DATASET SECTION »
*-*-*

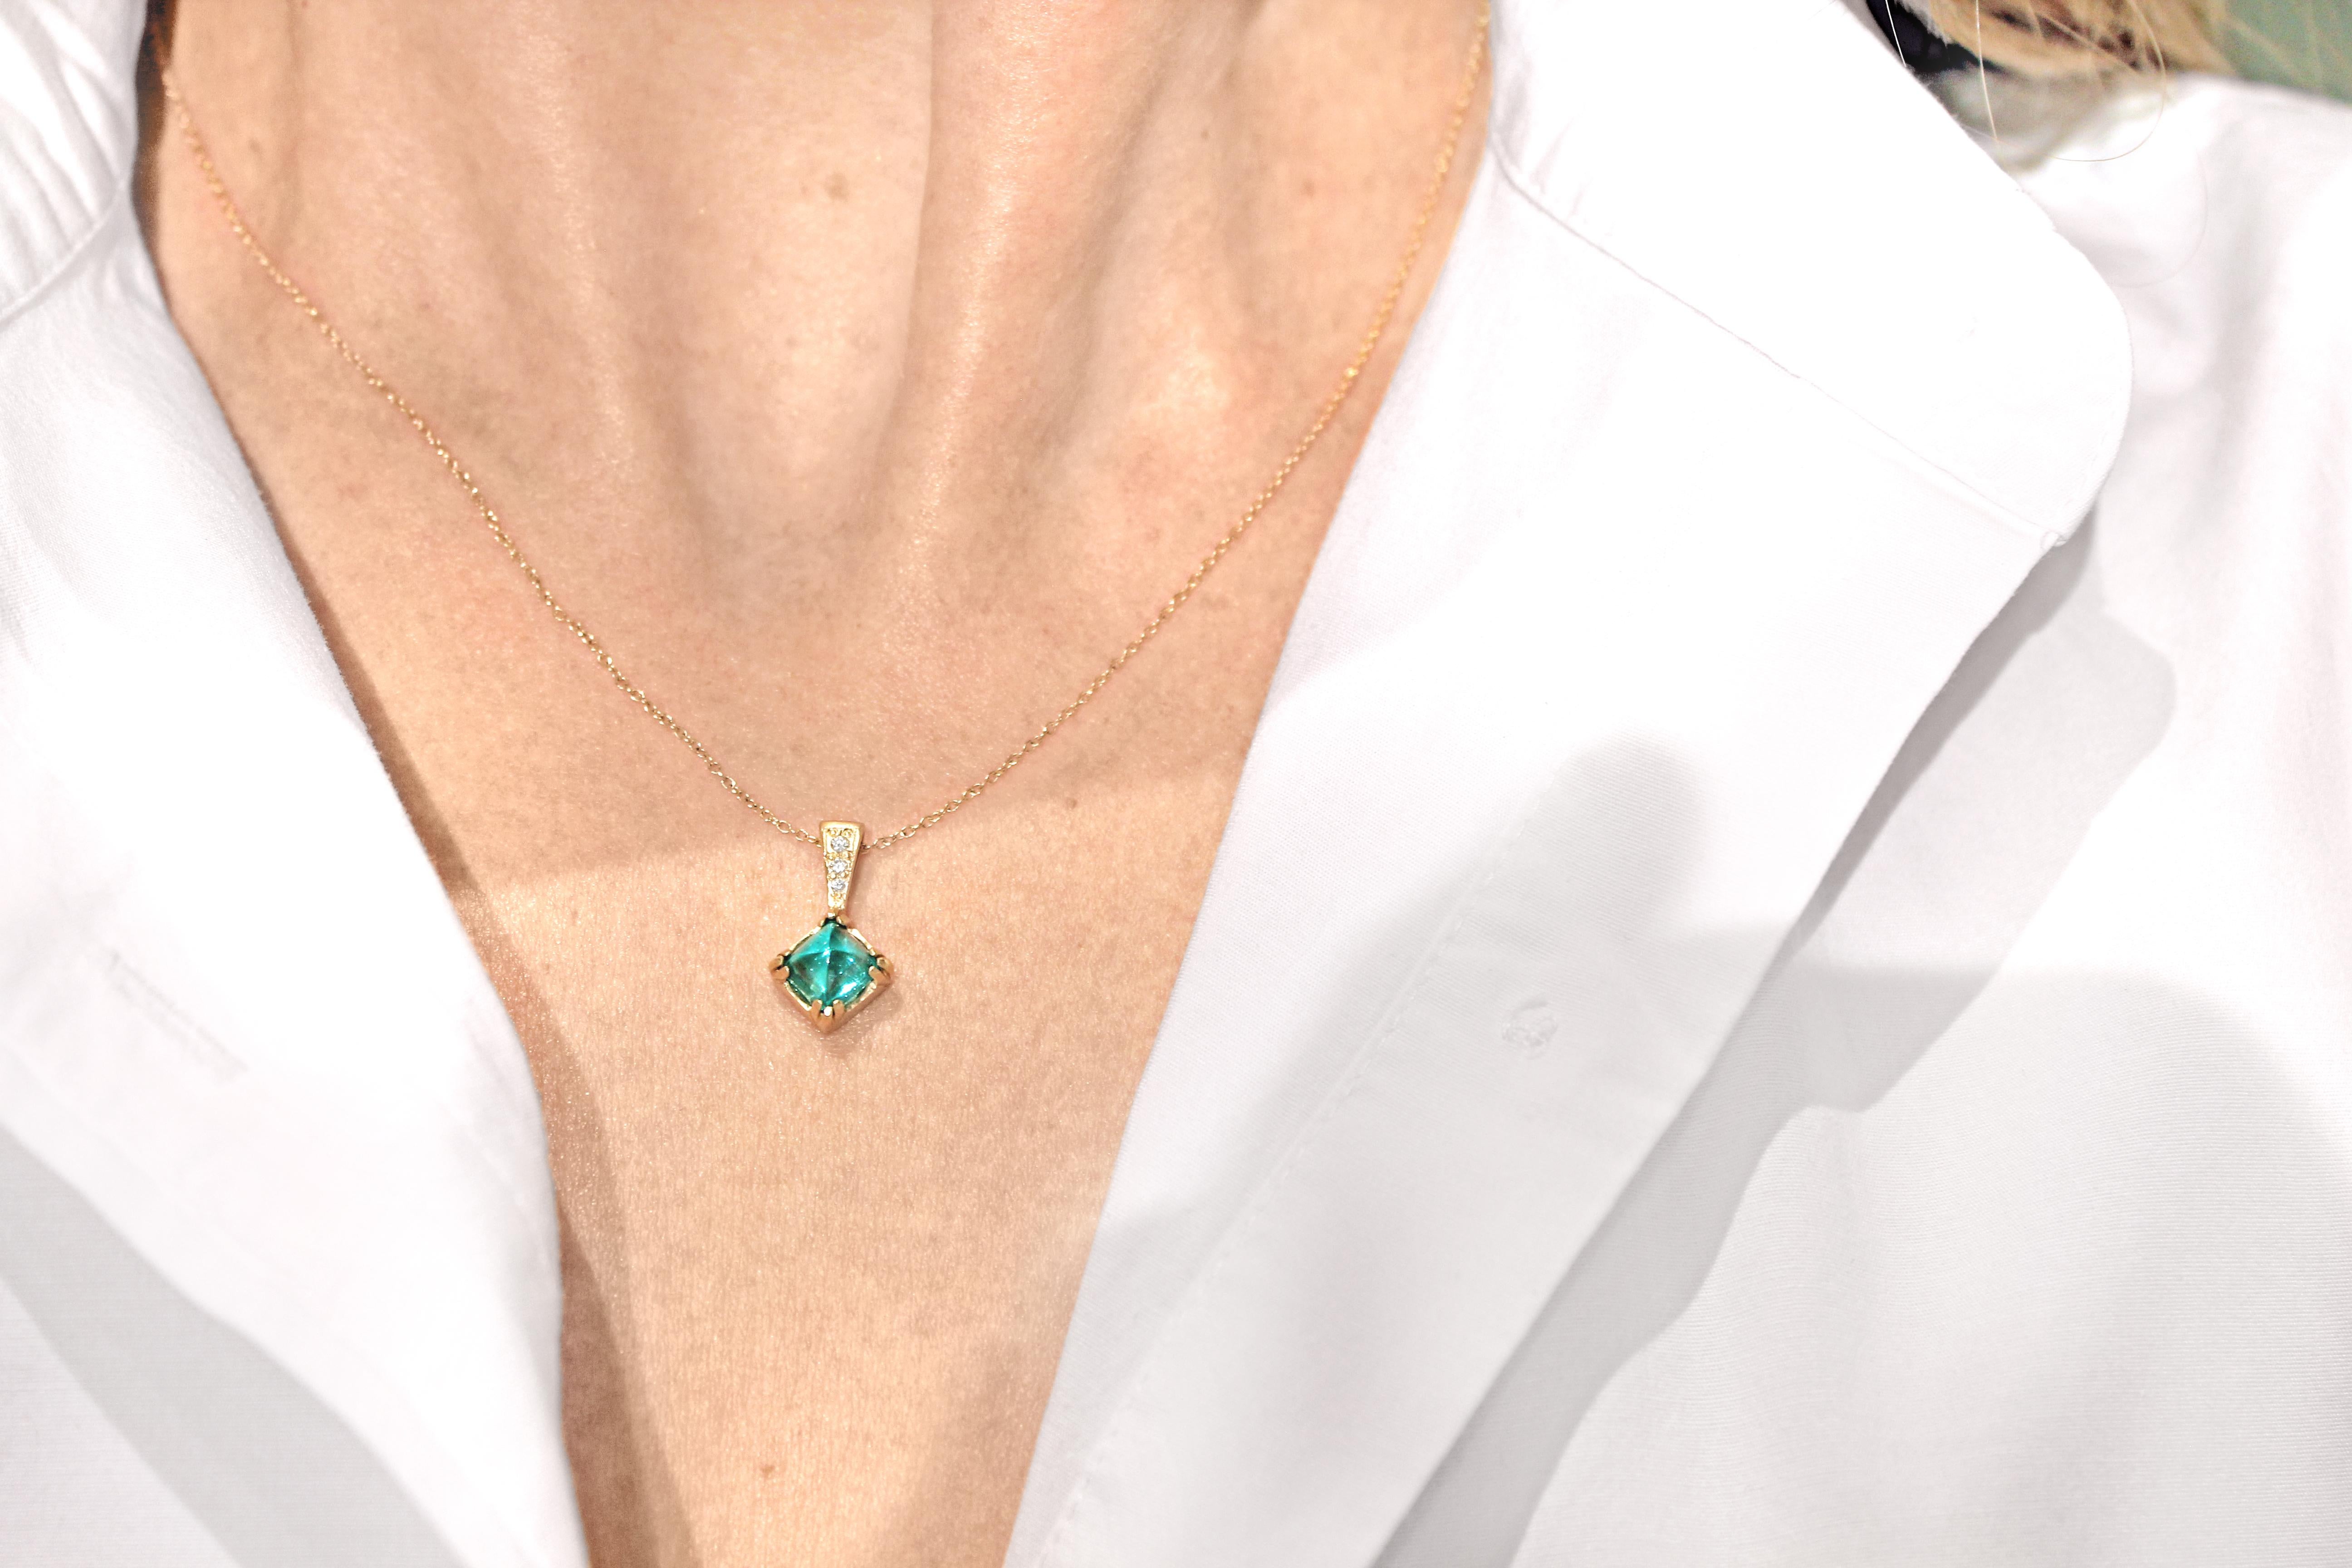 Einzigartige Vintage-Smaragd-Halskette, handgefertigt aus mattiertem 14-karätigem Gelbgold, mit einem spektakulären blaugrünen, völlig natürlichen und unerhitzten Vintage-Smaragd von 1,37 Karat, akzentuiert mit 0,025 Karat runder weißer Diamanten im
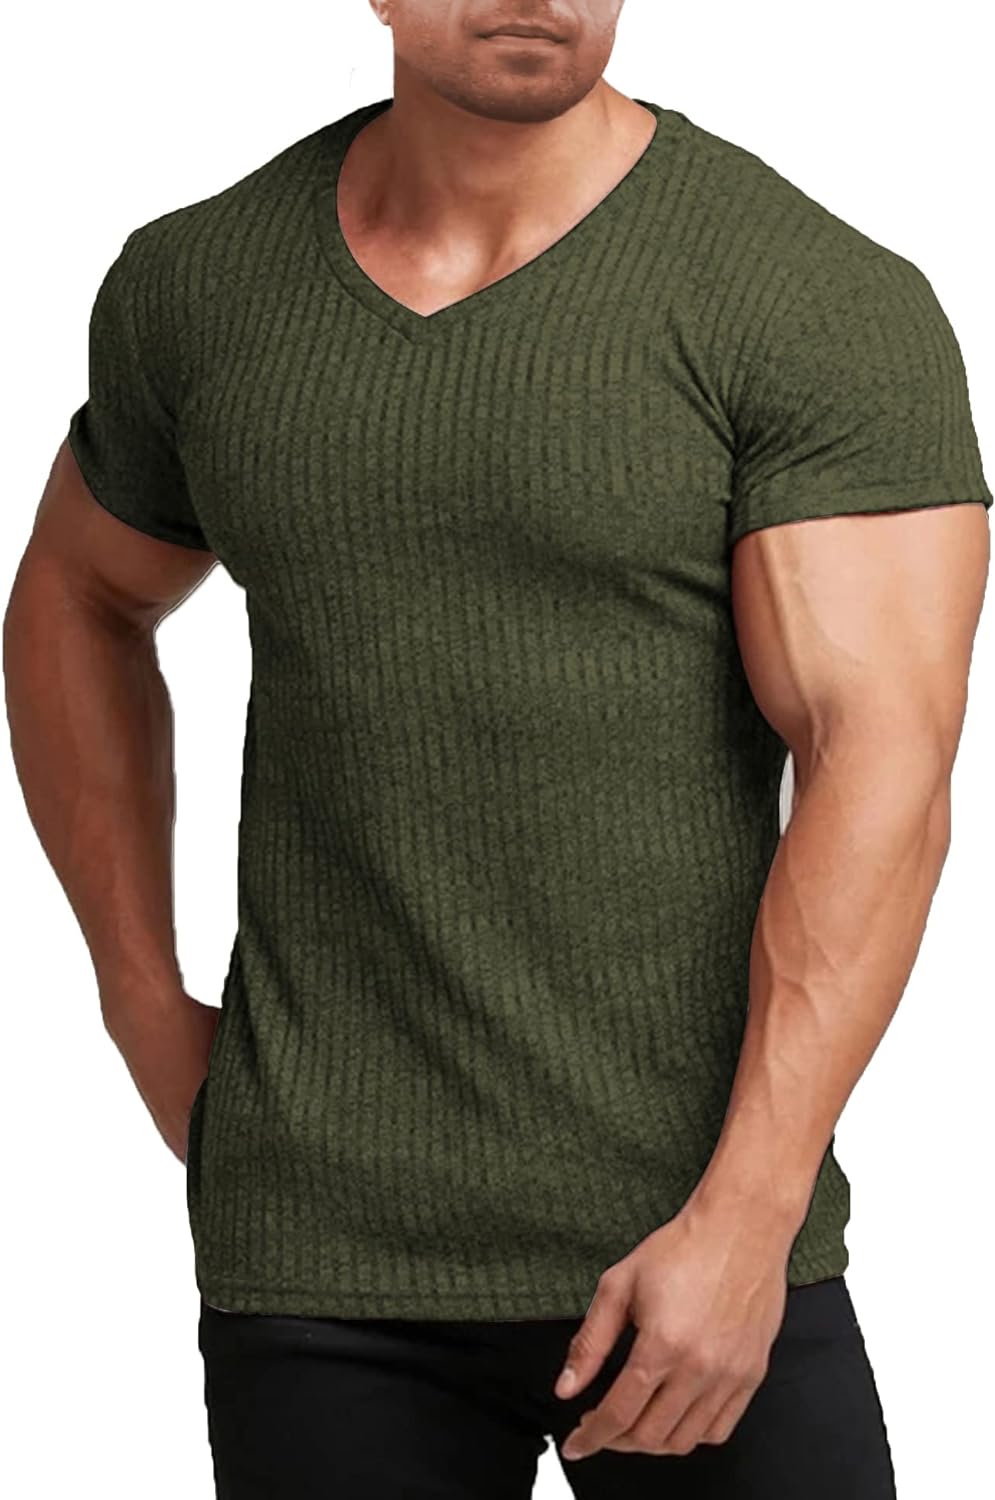 The Dienekes Muscle Shirt
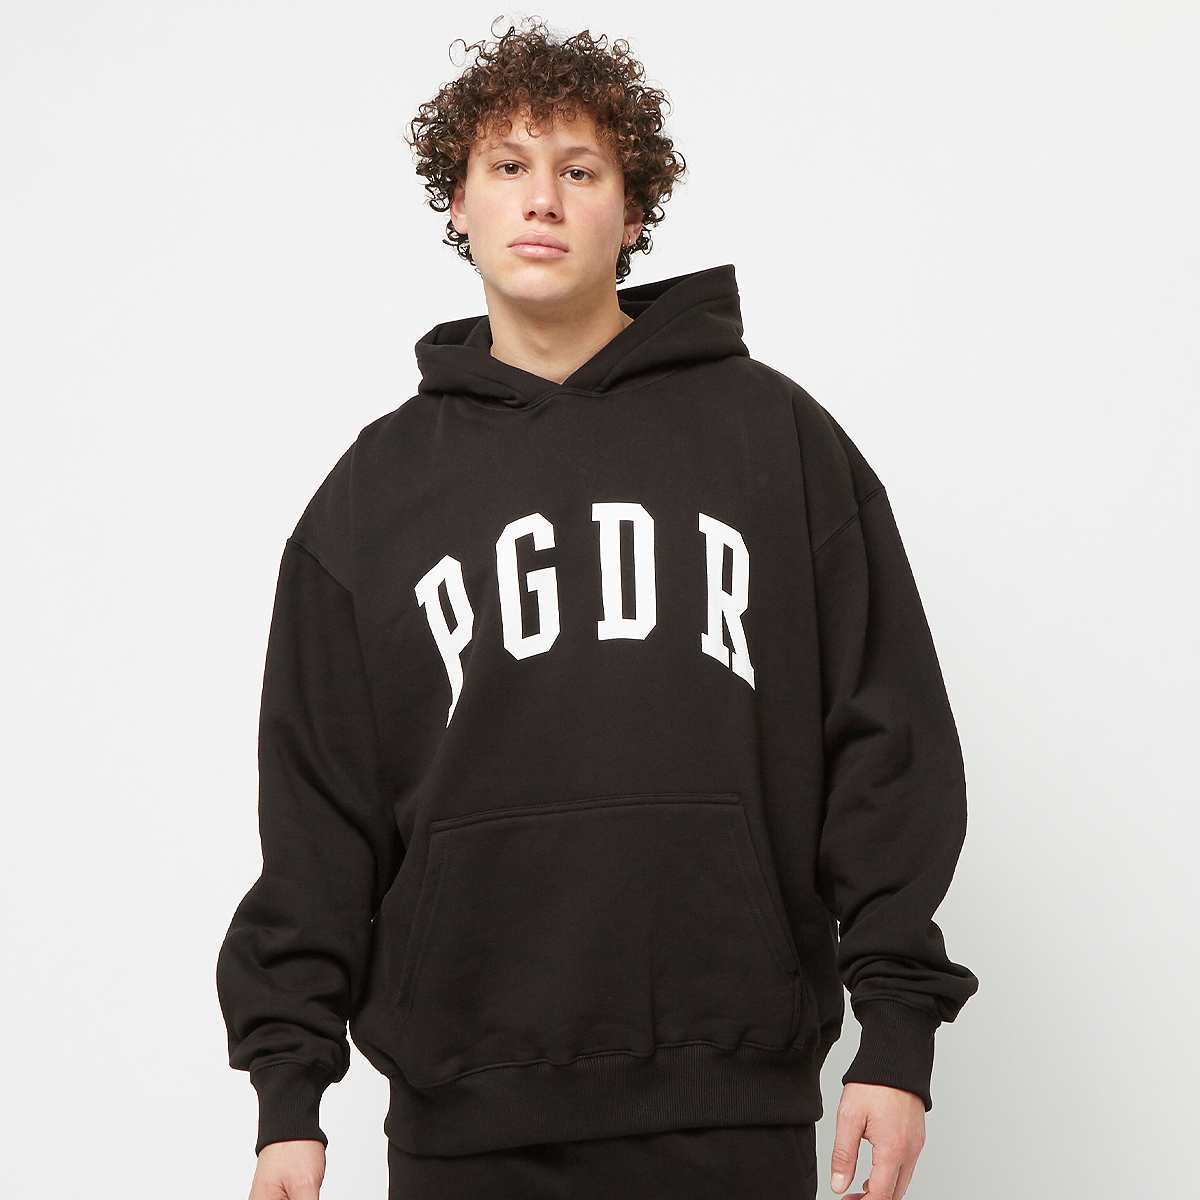 pegador layton oversized hoodie, sweats à capuche, homme, black, taille: xxl, tailles disponibles:s,m,l,xl,xxl

*-*-*

YOUR TASK »
The lines needed are those from the one containing "The Dienekes Muscle Shirt" through the end of the listing, given again word for word and without any picture.

OUTPUT BELOW »
 The Dienekes Muscle Shirt
 pegador layton oversized hoodie, sweats à capuche, homme, black, taille: xxl, tailles disponibles:s,m,l,xl,xxl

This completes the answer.